La plupart des claims ne voient pas le jour, pour ainsi dire; l’Association for Mineral Exploration en Colombie-Britannique a appris l’an dernier au média The Narwhal que seulement un projet d’exploration sur 10 000 devient une véritable mine.
« Le permis d’exploration n’est que la toute première étape de l’ouverture d’une mine, mais il peut compliquer les choses pour les Premières Nations qui négocient des revendications territoriales », a indiqué Chris Roine, avocat en droit autochtone chez BLG à Vancouver. « Lors de la conclusion d’un traité moderne ou d’une revendication territoriale, par exemple, on s’attend à ce que la Couronne règle tout enchevêtrement avec des tiers, ce qui nécessite souvent d’indemniser les détenteurs des revendications territoriales ».
« Cela s’est produit à quelques reprises lors du règlement de traités modernes en Colombie-Britannique, ce qui a massivement exaspéré les Premières Nations qui ne comprenaient pas pourquoi la compensation provinciale allait à ces détenteurs de titres ».
L’intérêt pour cette affaire est élevé.
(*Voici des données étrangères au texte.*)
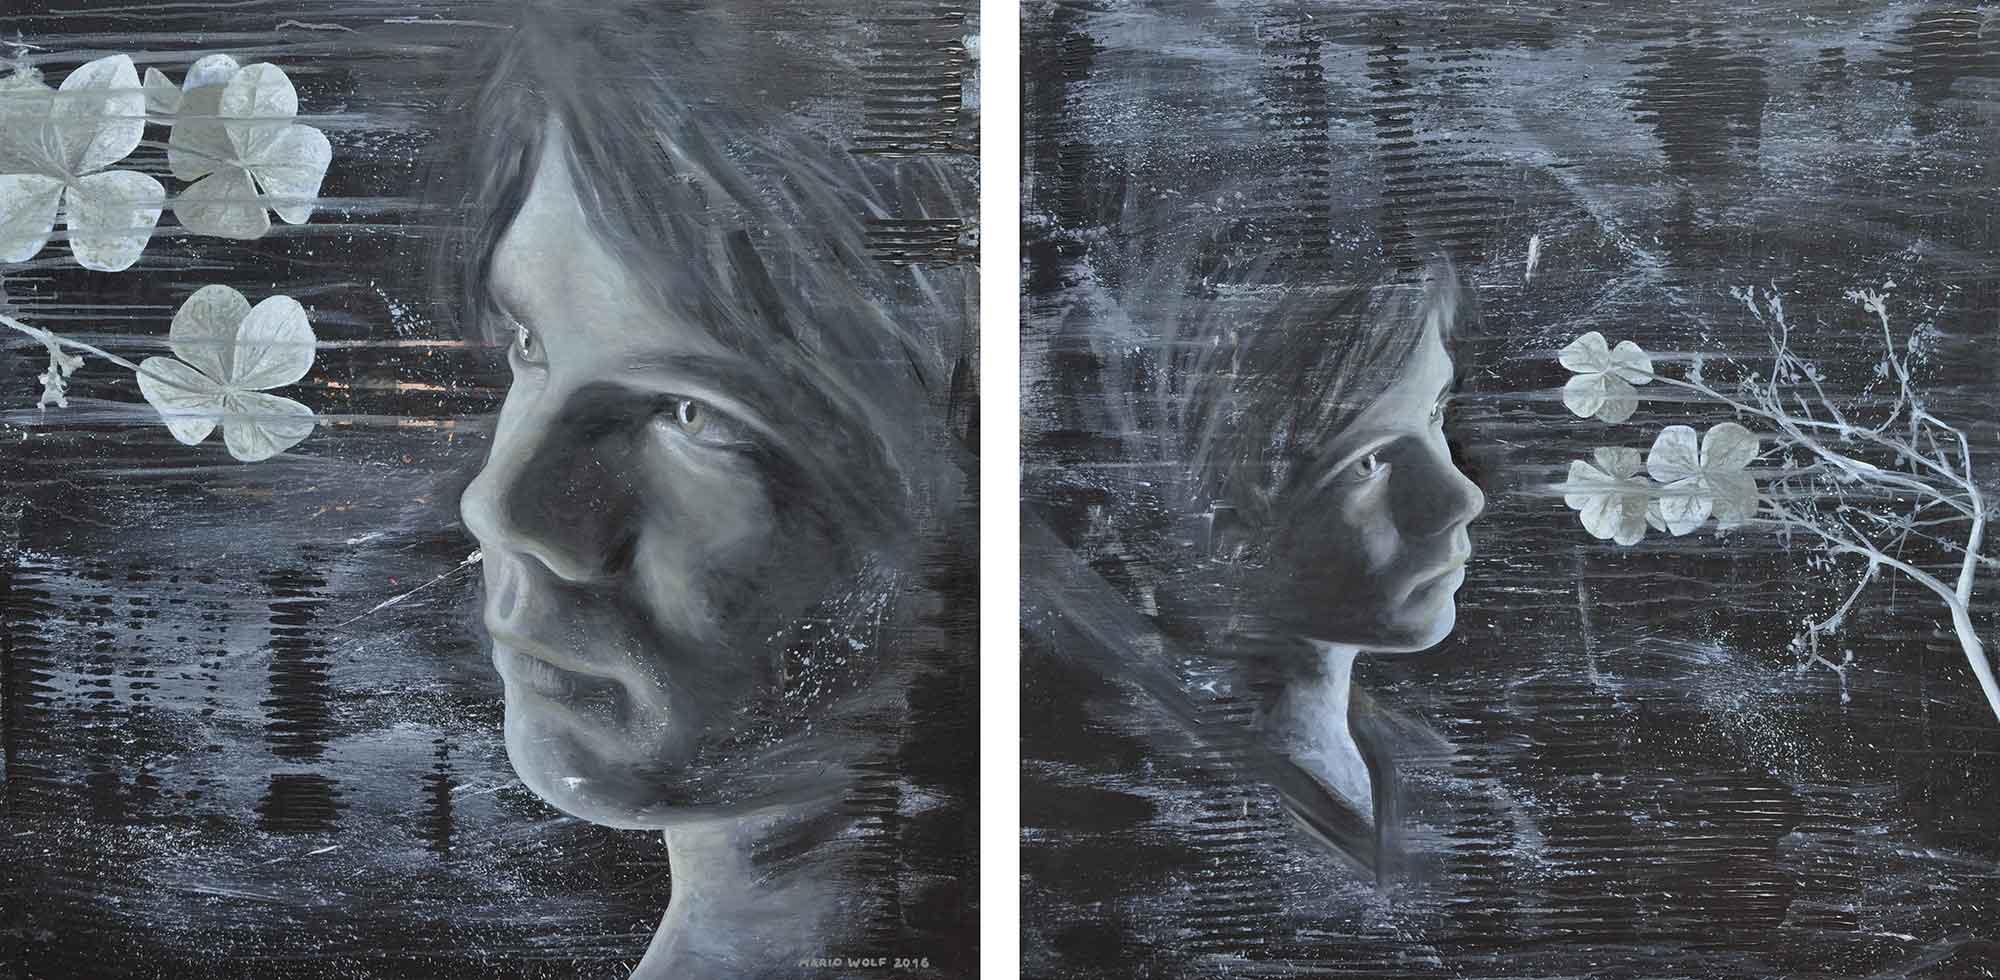 Kunst, Malerei - sehenden Auges - Künstler Mario Wolf

La Cour suprême de la Colombie-Britannique a autorisé la participation de huit intervenants (représentant des communautés autochtones, des organisations de défense des droits de la personne et de l’environnement, et l’industrie minière elle-même) parce que le régime d’accès libre est le fondement de l’exploration minière au Canada, et parce que l’affaire porte sur l’une des questions les plus épineuses du droit des ressources autochtones.
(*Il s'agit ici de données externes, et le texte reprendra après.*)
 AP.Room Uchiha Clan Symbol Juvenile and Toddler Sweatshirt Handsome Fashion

« À quel moment l’obligation de consultation de la Couronne est-elle déclenchée? Nous avons vu des cas dans tout le pays qui tournent autour de la même question », a demandé Sander Duncanson, associé en droit de l’environnement, droit réglementaire et droit autochtone chez Osler à Calgary.
Dans l’affaire devant la Cour de la Colombie-Britannique, l’obligation de consulter donne lieu à deux questions clés. La première, selon Me Duncanson, est de savoir s’il y a un « lien » entre une mesure prise par la Couronne et un droit autochtone.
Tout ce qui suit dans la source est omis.